Thirteenth Lake is almost entirely surrounded by the 114,000-acre Siamese Ponds Wilderness, and only electric trolling motors are allowed at the popular paddling, camping, and cross-country skiing destination. Brook trout, loons and other wildlife populate its waters.
While there are no homes built directly on the lakeshore, the 635 acres of the owners association includes about 100 properties on a hilly area near the northeastern section of the lake, including Garnet Hill Lodge. The association shares the last slice of privately-owned shoreline but has protected it with deed restrictions. The association owns a private beach and dock to launch kayaks and canoes.
Now, the state owns the rest of the 329-acre lake’s 4.5 miles of shoreline.
“When we mapped it, we realized this is the only piece of shore in what is otherwise entirely surrounded by wilderness.”— Mike Carr, executive director of the land trust
Carr said the trust started to hear from people in the area that the property was going up for sale. Staff visited the property’s owners William and Elise Widlund, who bought it in 2005, and found receptive partners, Carr said.
The trust bought the parcel for $550,000 after garnering a non-binding letter of intent that the state would ultimately purchase the land. The trust is currently holding five other parcels totaling 770 acres and an estimated value of over $1 million expected to eventually transfer to the state.
DEC Commissioner Basil Seggos in a statement thanked the trust “for their continued partnership and ongoing efforts to protect natural resources in the Adirondacks” and promised to work with “all partners in effectively managing this new acquisition.” The Adirondack Park Agency will review the parcel before determining a classification, according to DEC.

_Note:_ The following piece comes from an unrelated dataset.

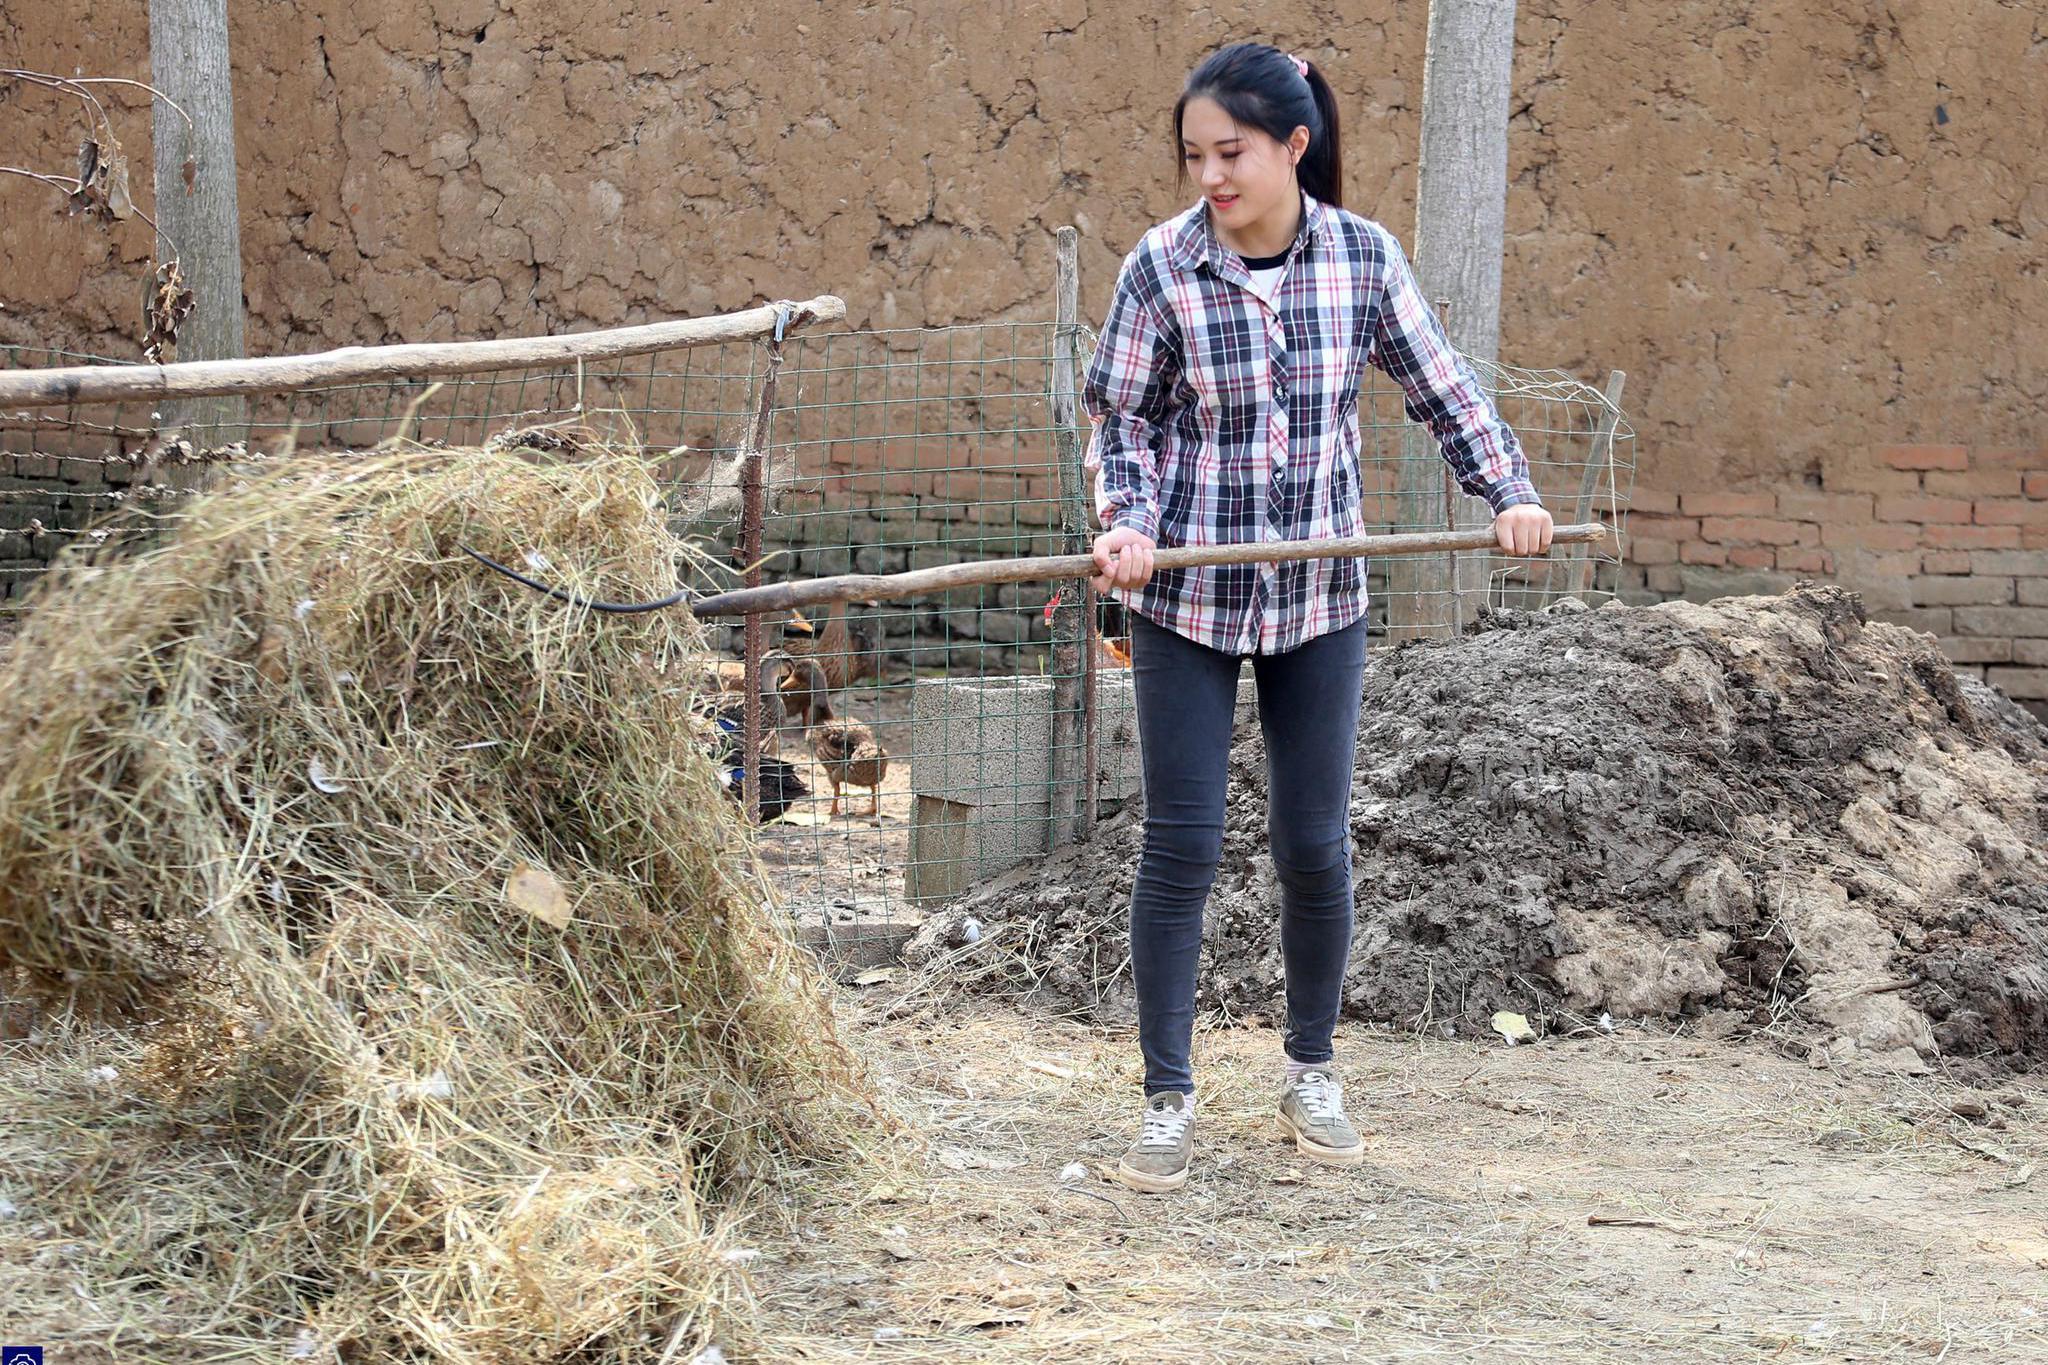 漂亮女孩大学毕业辞职回农村种地,被万千网友点赞,追求者排长队
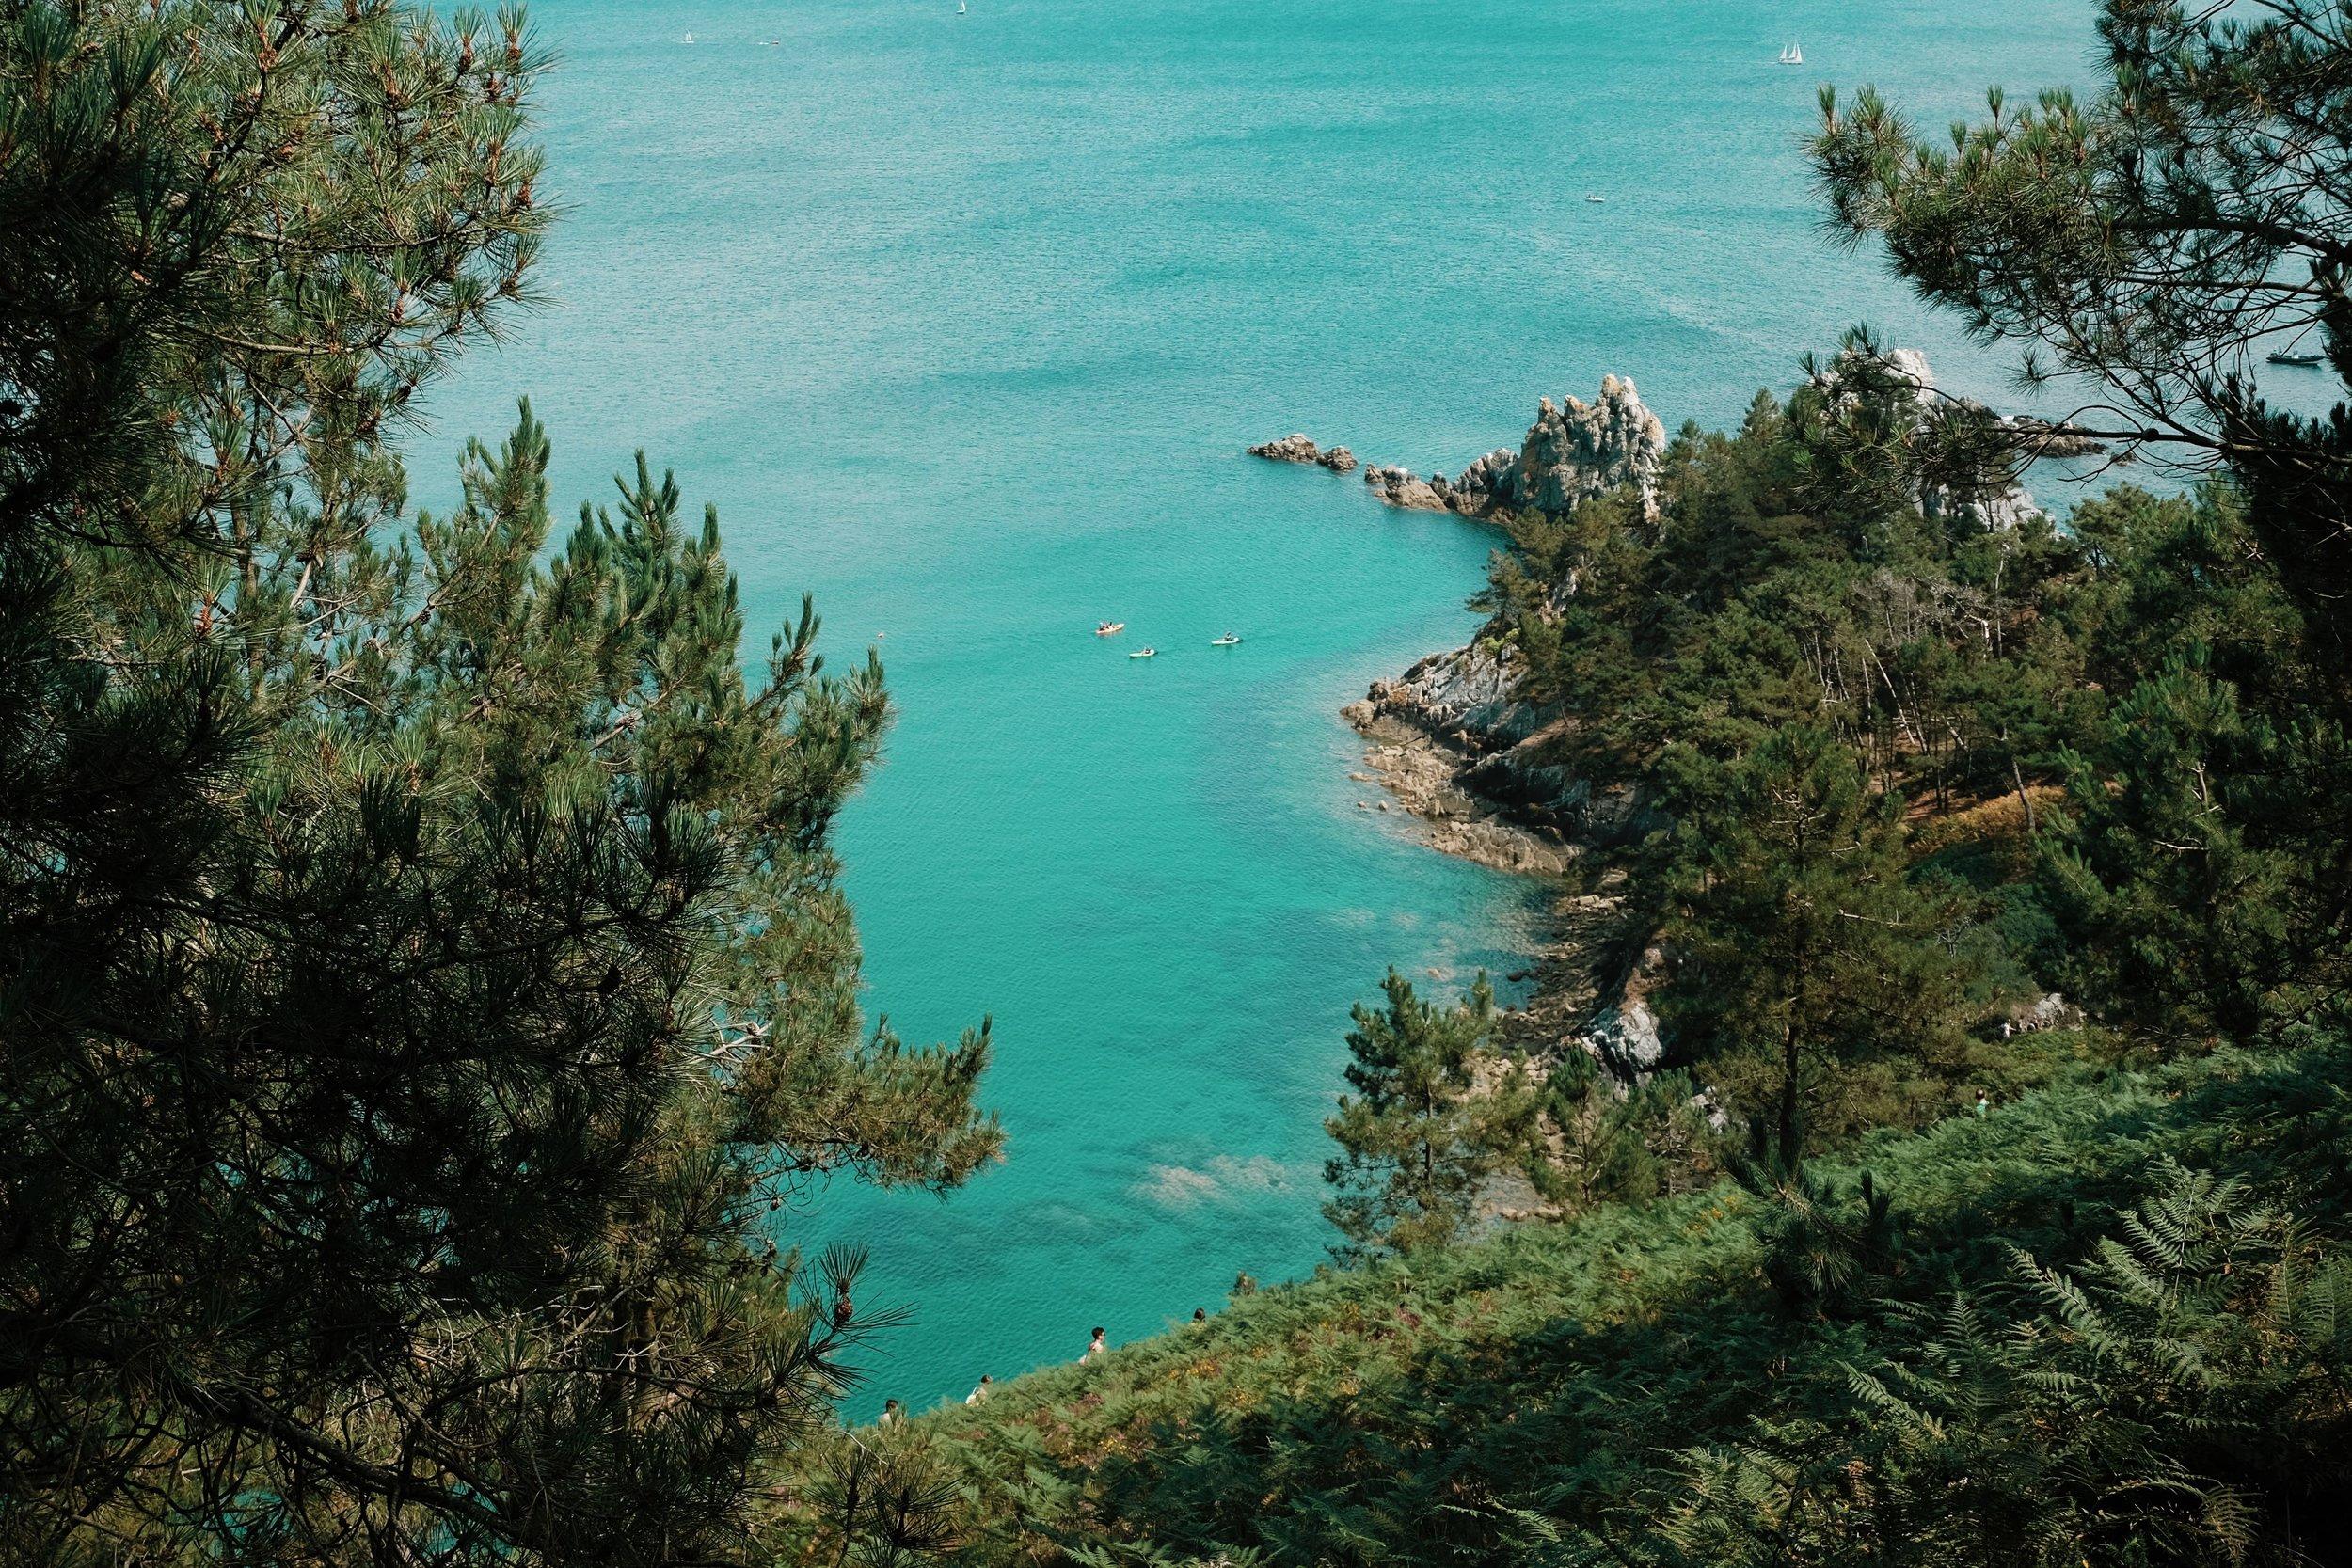 Carnet Sauvage - blog voyage Lille - visiter la Bretagne - presqu'ile de Crozon - plage de l'ile vierge5.JPG

While small in total acreage, the purchase completes protection of the shore of one of the park’s most accessible wilderness lakes. A gravel path leads from a parking lot past a handful of popular campsites to a canoe and kayak launch. A trail along the western shore leads to Peaked Mountain, Hour Pond and deeper into the park’s third largest wilderness area. Carr said he expected the land would eventually be added to the wilderness area.
“One of the truly remarkable things with Thirteenth Lake is it’s a wilderness experience you can access with a wheelchair,” Carr said.
The Town of Johnsburg also supported the project with a unanimous resolution supporting a transfer to the state in 2020.
“Protection of year-round outdoor recreation is vital—not only to the local economy, but to benefit the health and well-being of residents as well,” Johnsburg Supervisor Andrea Hogan said in a statement this week.